Report #4: Exploratory data analysis¶
The next report shows descriptive statistics regarding variables in the training and validation sample.
Descriptive statistics for training sample¶
The table for the training sample includes:
- Name: variable’s name
- Type: variable’s type (categorical or numerical)
- Role: variable’s role (Active / Obligatory / Target / ID, details on variable’s roles can be found in Chapter Step 3: Entering variables settings)
- Nulls count: number of nulls
- Nulls fraction: fraction of nulls in the dataset
- Discrete count: maximum number of levels for categorical variables. Variables with more levels will be ignored in the further modelling process
- Percentiles: box plot, where:
- Boxplot depicts 1st and 3rd quartiles
- Middle vertical line depicts median
- Whiskers depict variability outside the upper and lower quartiles (the longer they are the stronger the skewness in the given direction)
- Points depict outliers
- Median: the middle number of the group when they are ranked in order
- Minimum (Min): minimal value of the given variable
- Maximum (Max): maximal value of the given variable
- Standard Deviation: a measure that is used to quantify the amount of variation or dispersion of a set of data values
You can filter the information in the table by:
- Rows: select only those rows where variables names contain letters you typed in the filter
- Columns: display only selected columns
- Number of rows: display selected number of rows
You can also sort each column in the table from lowest to highest and vice versa by value or absolute value and see data visualisation.
Descriptive statistics for validation sample¶
The result table regarding the training sample includes:
- Name: variable’s name
- Type: variable’s type (categorical or numerical)
- Role: variable’s role (Active / Obligatory / Target / ID, details on variable’s roles can be found in Chapter Step 3: Entering variables settings)
You can also sort data by column from lowest to highest and vice versa.
Report #5: Variables selection¶
This report shows statistics concerning variables chosen for further analysis, based on the strength of their relation with the dependent variable and other independent variables.
Statistics for training sample¶
The table includes:
- Name: variable’s name
- Type: variable’s type (categorical or numerical)
- Role: variable’s role (Active / Obligatory / Target / ID, details on variable’s roles can be found in Chapter Step 3: Entering variables settings)
- Mode percent: The mode is the value that appears most often in a set of data. Mode percent is the percent of mode value in the set
- Nulls count: number of nulls
- Nulls fraction: fraction of nulls in the dataset
- Discrete count: maximum number of levels for categorical variables.
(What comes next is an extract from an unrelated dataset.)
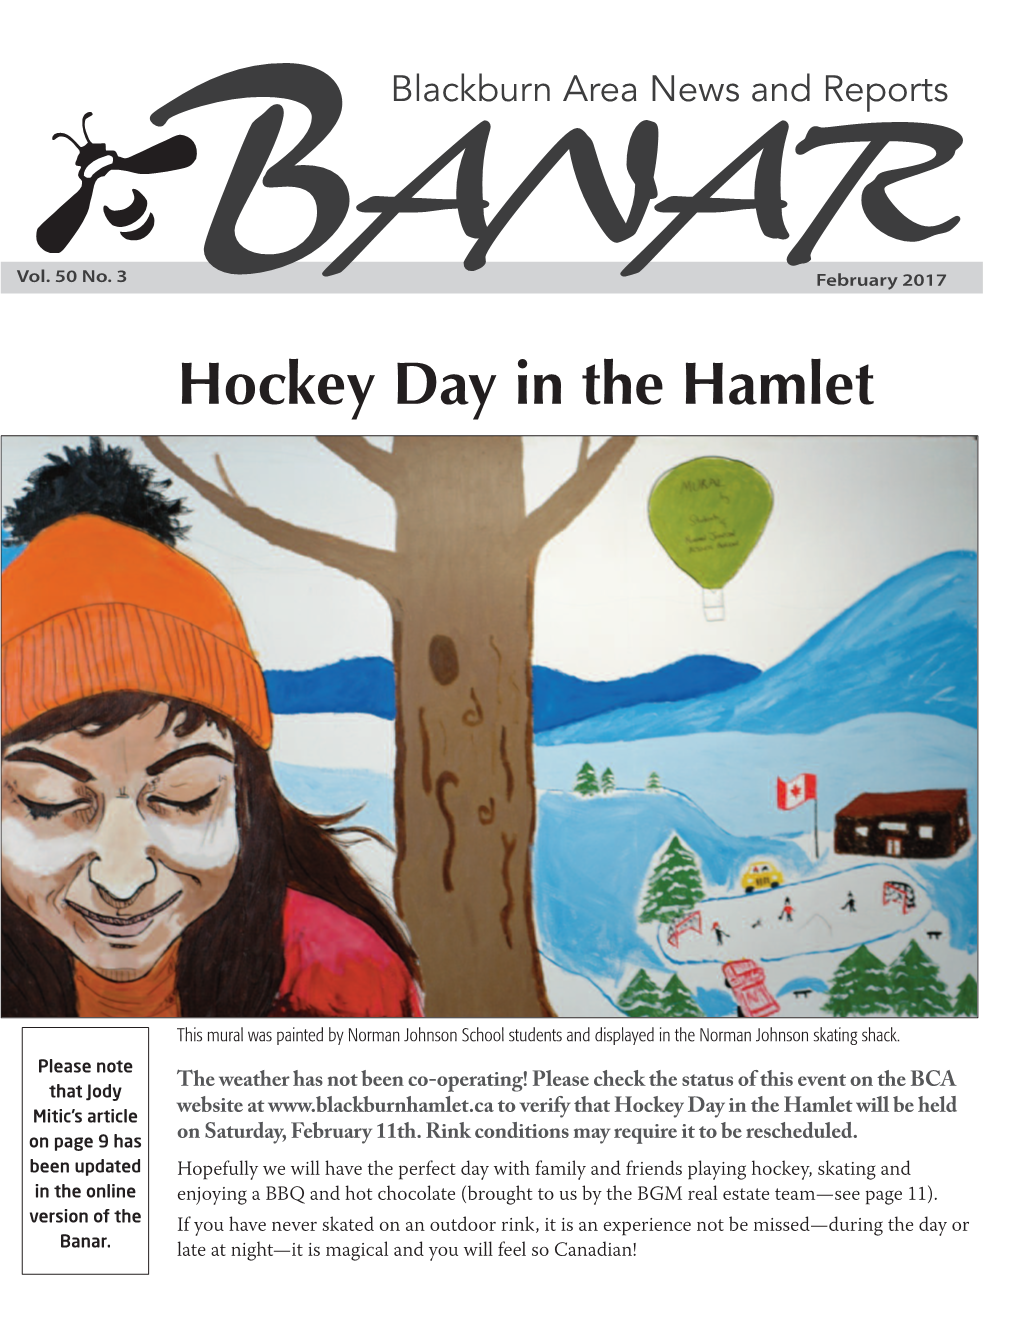 February 2017 Hockey Day in the Hamlet
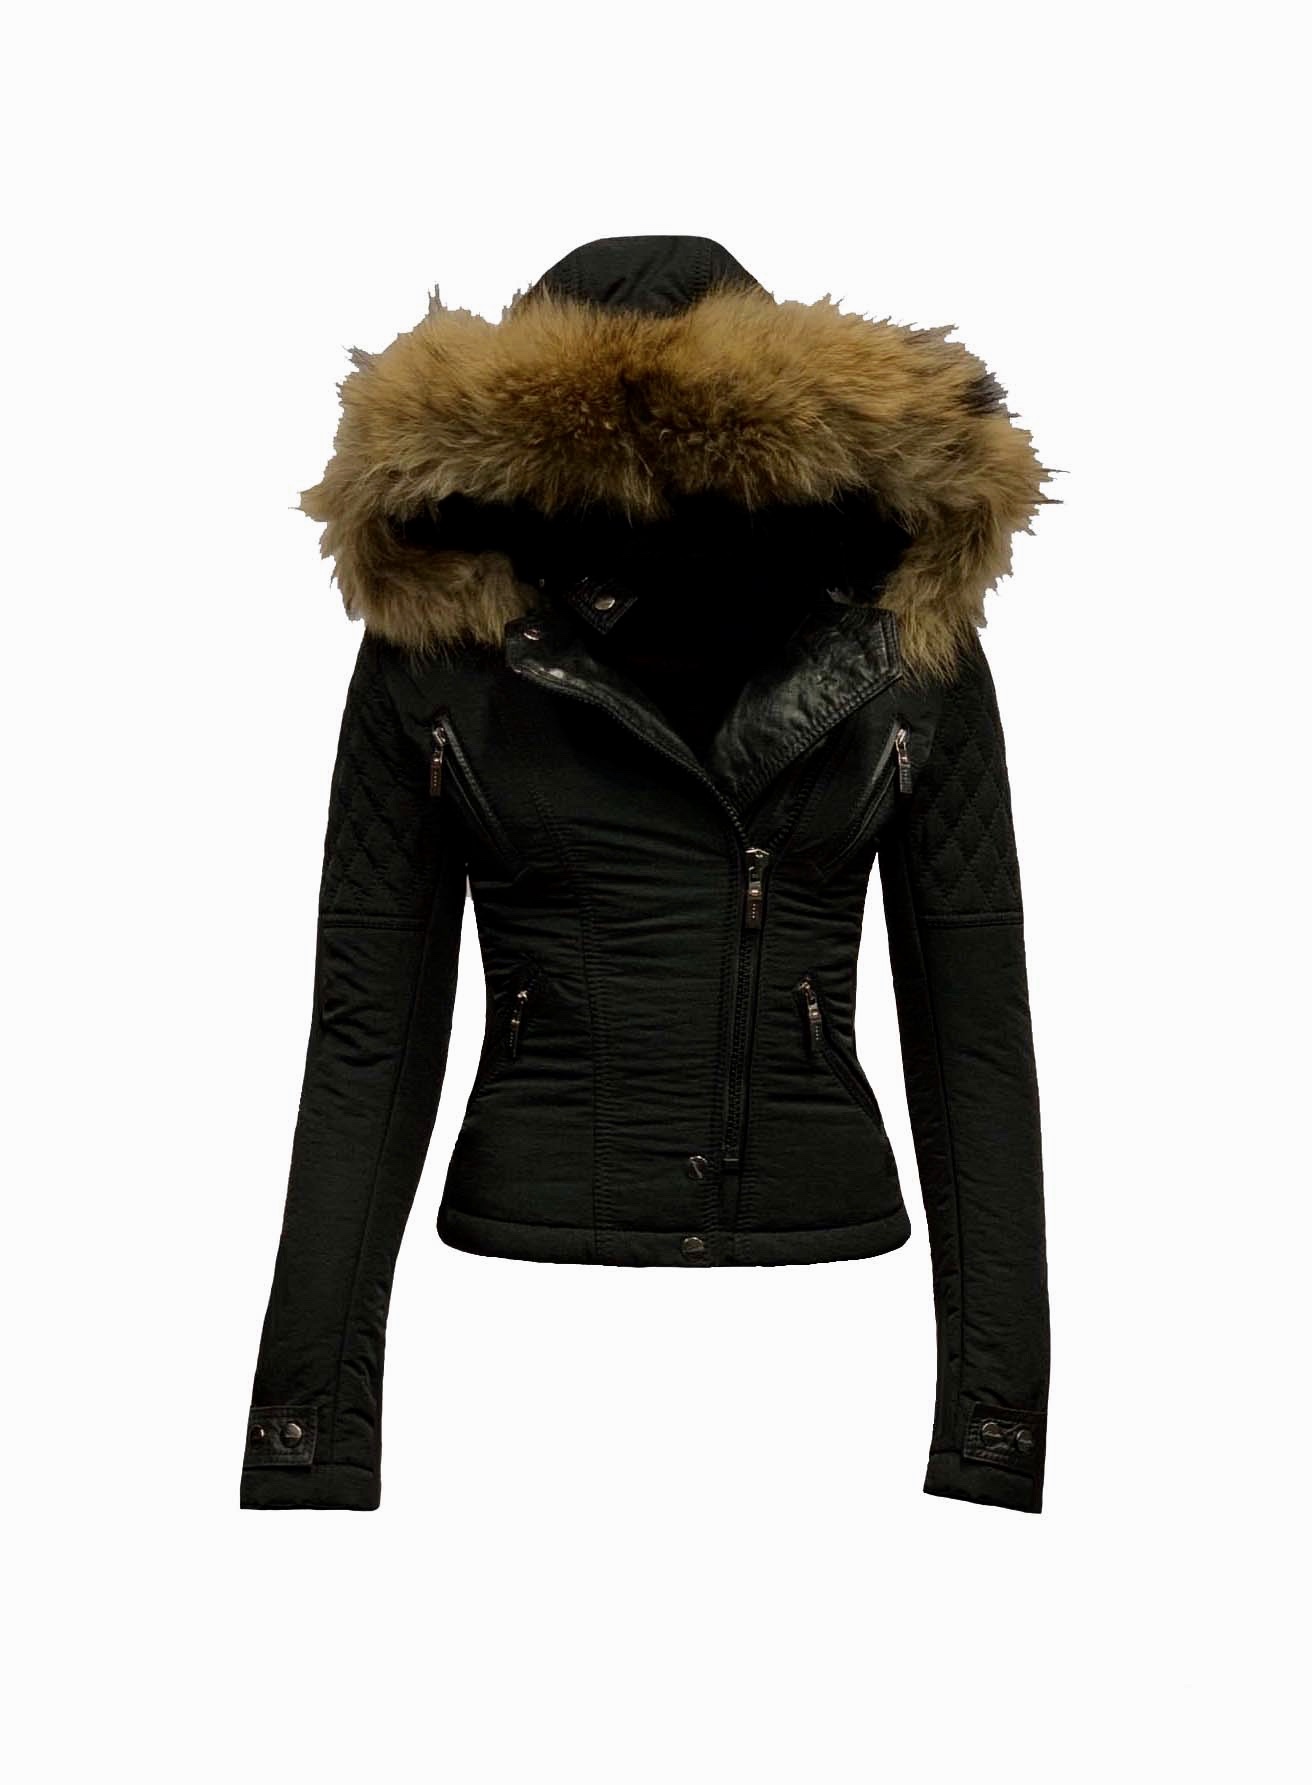 Bedreven klant per ongeluk Zwart winter dames jas met afneembaar bontkraag -Alecantti – BK Leder

Variables with more levels will be ignored in the further modelling process
- Percentiles: box plot, where
- Boxplot depicts 1st and 3rd quartiles
- Middle vertical line depicts median
- Whiskers depict variability outside the upper and lower quartiles (the longer they are the stronger the skewness in the given direction)
- Points depict outliers
- Median: the middle number of the group when they are ranked in order
- Mean: the sum of the values divided by the number of values
- Mode: the most frequent value in a data set
- Minimum (Min): minimal value of the given variable
- Maximum (Max): maximal value of the given variable
- Standard Deviation: a measure that is used to quantify the amount of variation or dispersion of a set of data values
- Score: a measure of the predictive power of a variable computed by the feature selection algorithm
You can filter the information in the table by:
- Rows: select only those rows where variables names contain letters you typed in the filter
- Columns: display only selected columns
- Number of rows: display selected number of rows
You can also sort each column in the table from lowest to highest and vice versa by value or absolute value and see data visualisation.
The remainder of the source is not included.